No passado, coube aos educadores salesianos a nobre missão de enfrentar as dificuldades envolvidas no processo de formação, unificação e harmonização da família brasileira, a partir da miscigenação de grupos de ameríndios, europeus e africanos. A celebração deste dia de Ação de Graças da Universidade do Coração nasce, agora, como consequência natural do anseio de superação manifestado pelos primeiros educadores salesianos, que buscavam  transformar o ato educativo em espiritualidade pura.

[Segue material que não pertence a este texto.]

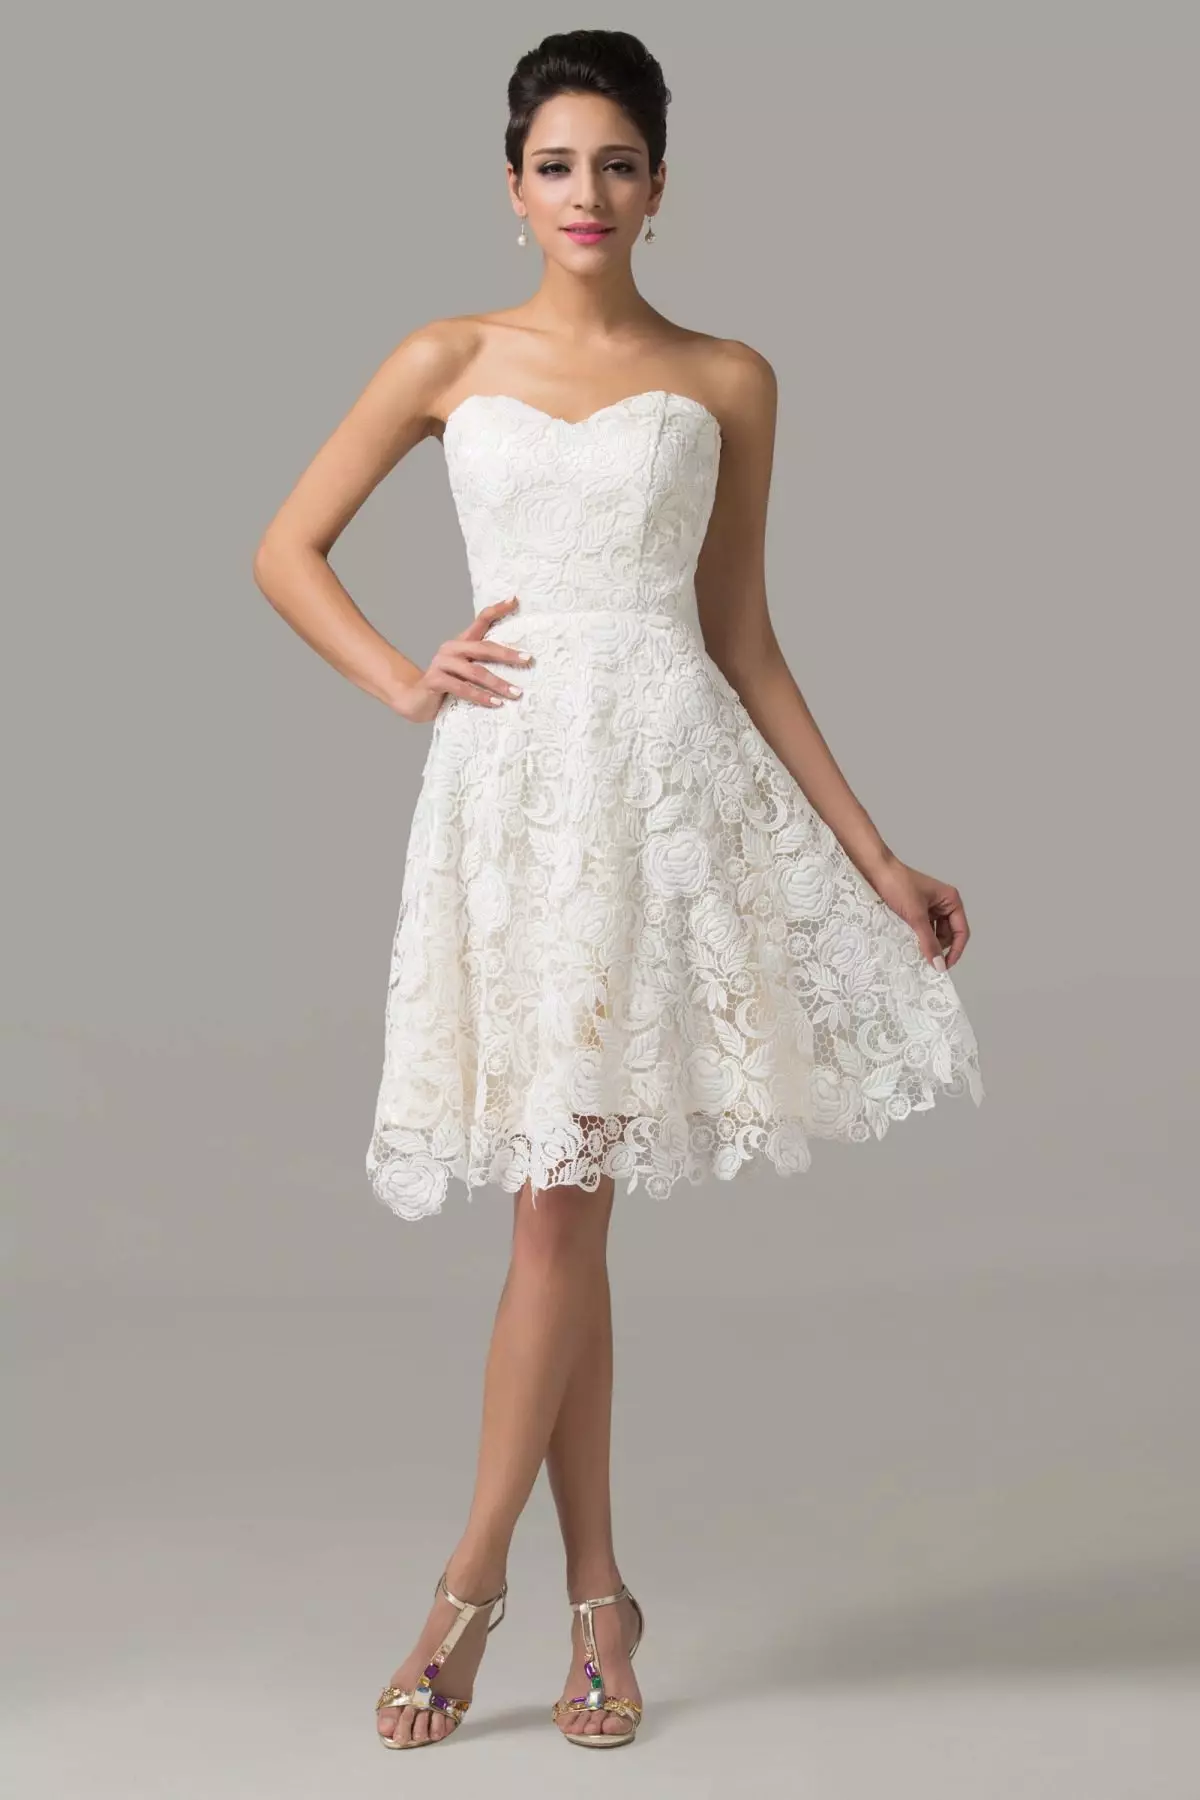 Gaun pengantin murah yang murah

Segundo Dom Bosco, o fundador da ordem salesiana, o Brasil irá constituir-se como uma verdadeira Universidade do Coração, destinada, desde os planos superiores, a estimular a perfeita alegria (ānanda), oriunda do desenvolvimento do sentimento amoroso, de natureza fractal, que estrutura as distintas famílias, dentro da grande família das nações humanas. Que o estabelecimento desta celebração mensal possa contribuir para o aprimoramento da nossa relação com todos os diferentes grupos sociais, até que os vejamos e os aceitemos, verdadeiramente, como expressões de  nós mesmos. 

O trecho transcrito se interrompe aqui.